昔から、恐竜のオスとメスを化石で見分けることはとても難しいことでした。しかし、最近の研究で、ハドロサウルスという恐竜のグループでは、性別が分かるかもしれないという発見がありました。
ハドロサウルスは、カモノハシ竜とも呼ばれる草食恐竜で、白亜紀の終わりごろに世界中に住んでいました。多くのハドロサウルスの化石には、尾の付け根の骨に同じような傷が見つかっています。この傷は、治ったあとが残っているので、恐竜が生きているときにできたものだと考えられます。

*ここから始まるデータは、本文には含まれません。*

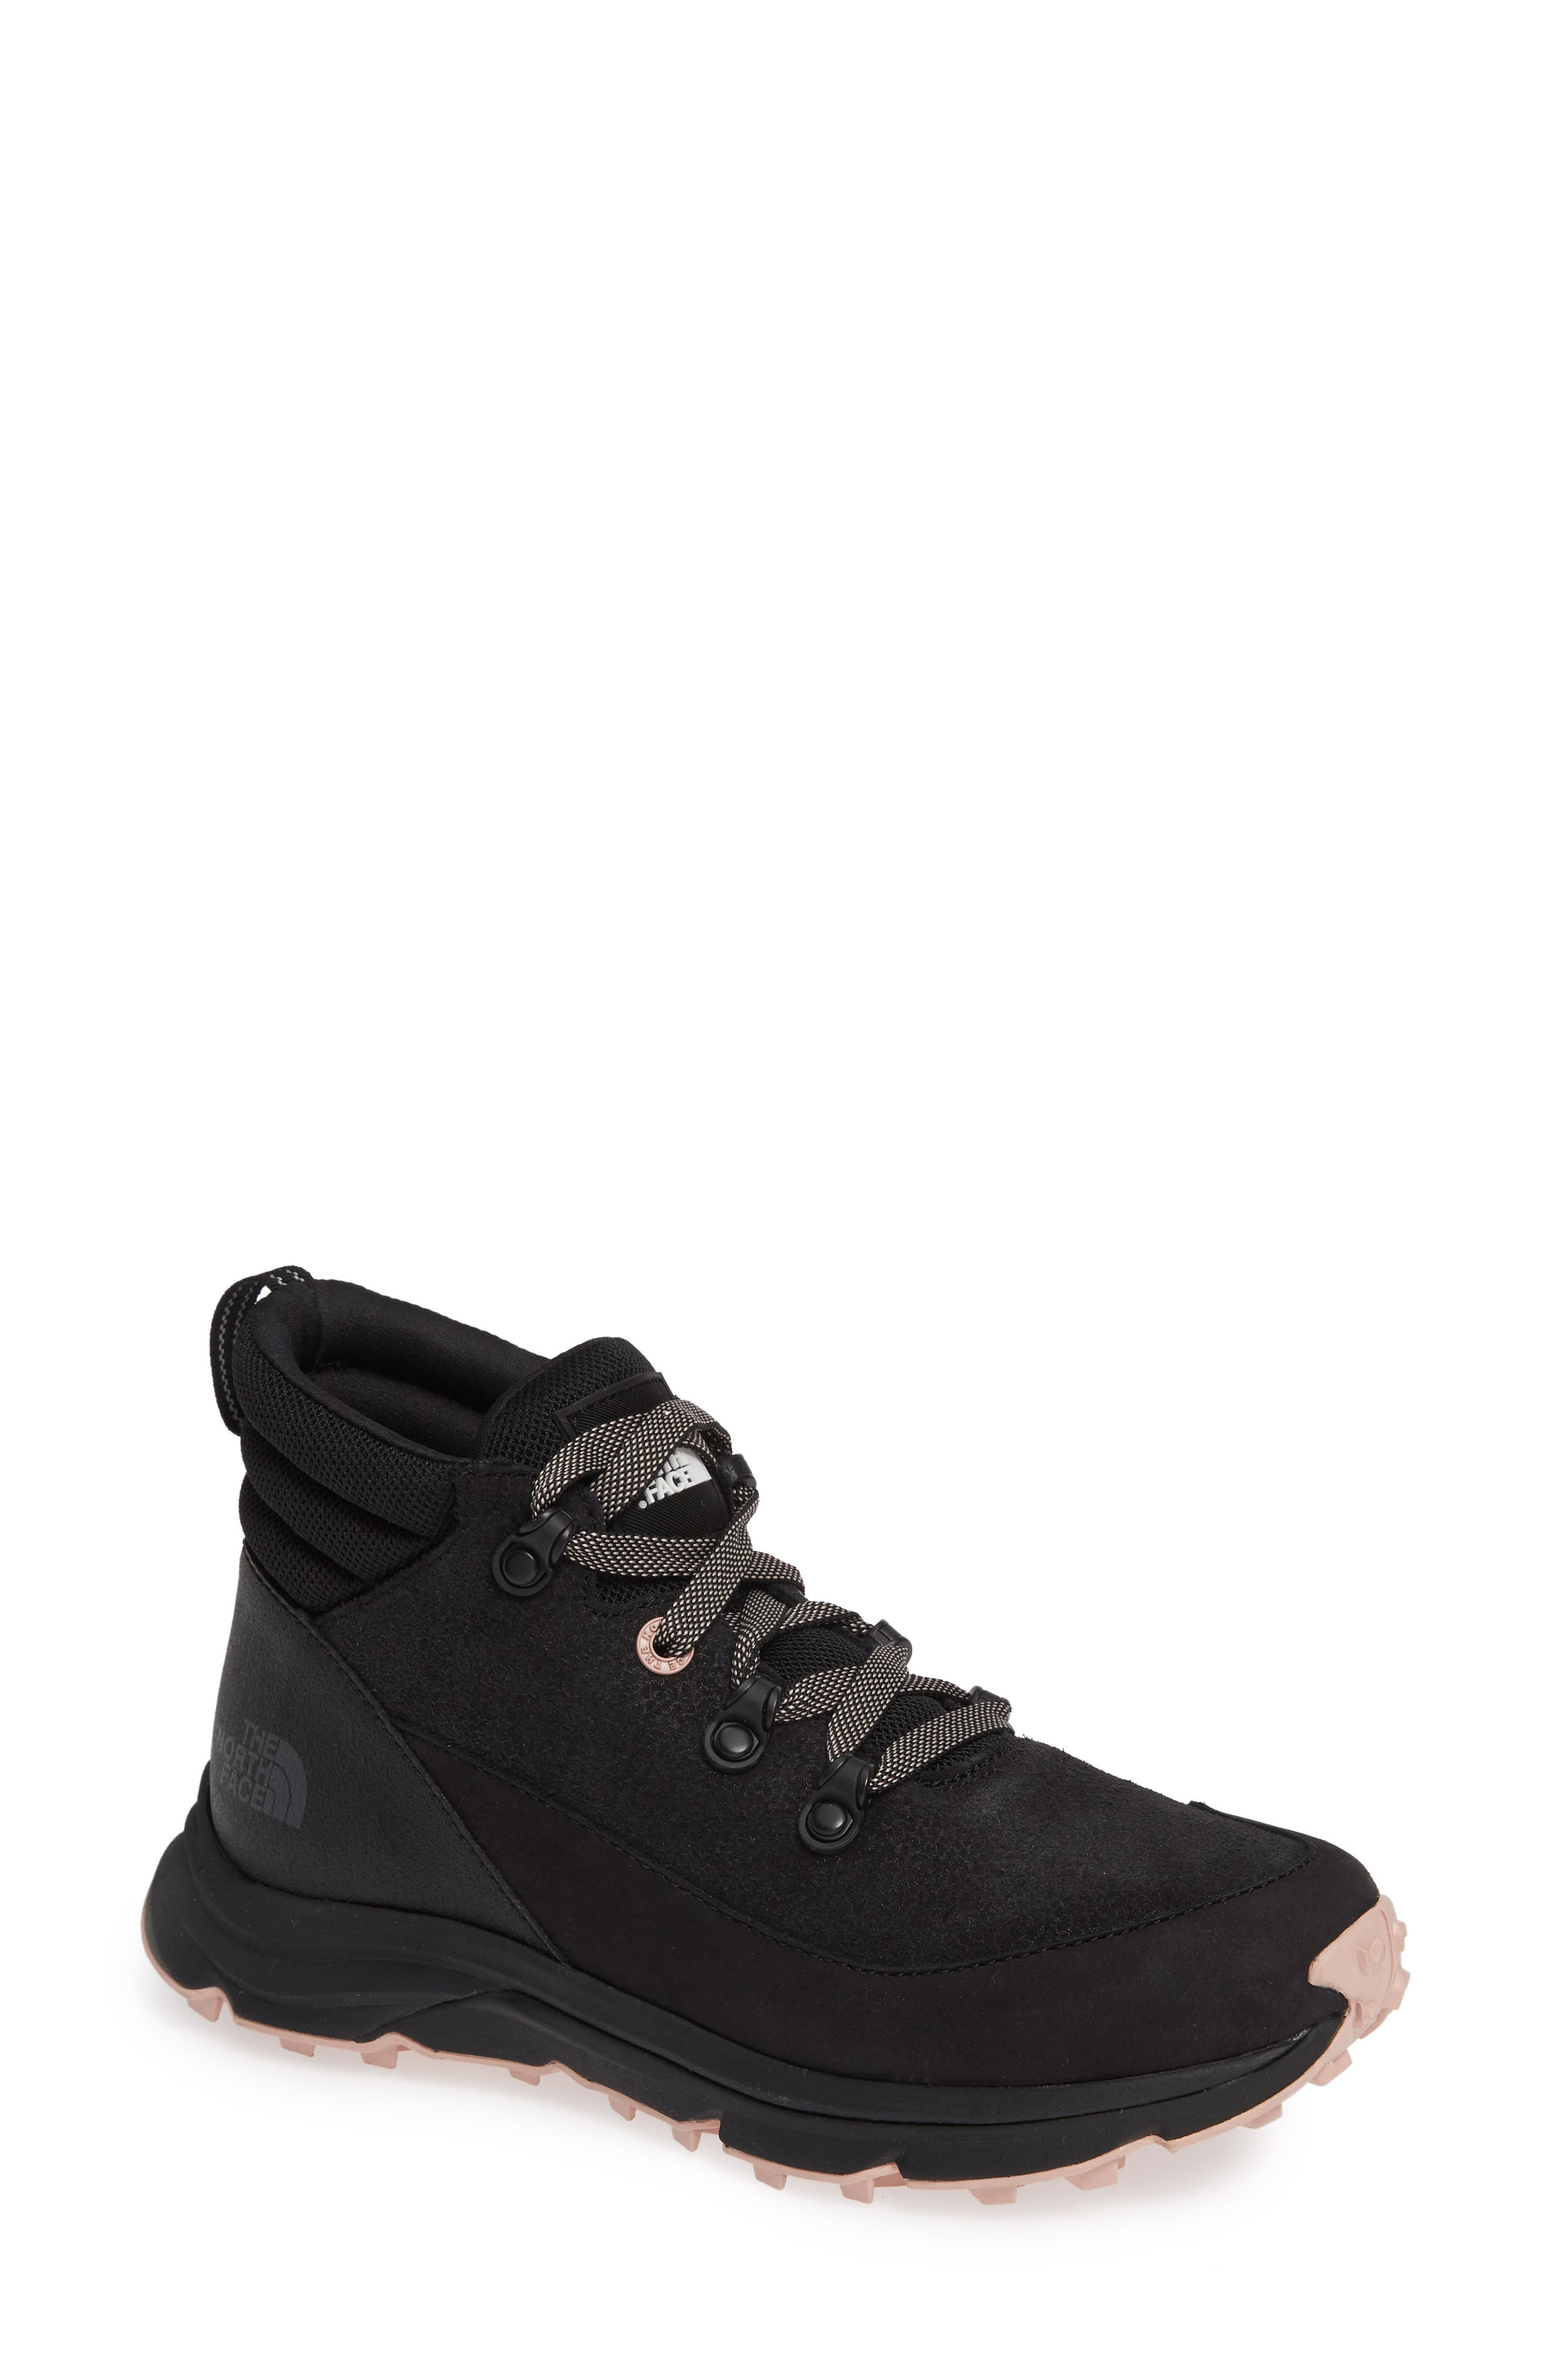 The North Face Raedonda Sneaker Boot- Black

研究者たちは、この傷がオスがメスの上に乗って交尾したときにできたものではないかと考えています。いろいろな場所のハドロサウルスの化石を調べると、同じような傷がたくさん見つかりました。ほかの理由、たとえばケンカや事故でできた傷ではないかも調べましたが、交尾のときの傷が一番説明しやすいということが分かりました。
この発見で、ハドロサウルスのメスを見分ける手がかりになるかもしれません。しかし、まだ研究は始まったばかりで、もっと多くの化石を調べる必要があります。恐竜の性別を骨だけで見分けるのはとても難しいですが、今回の研究は新しい一歩となりました。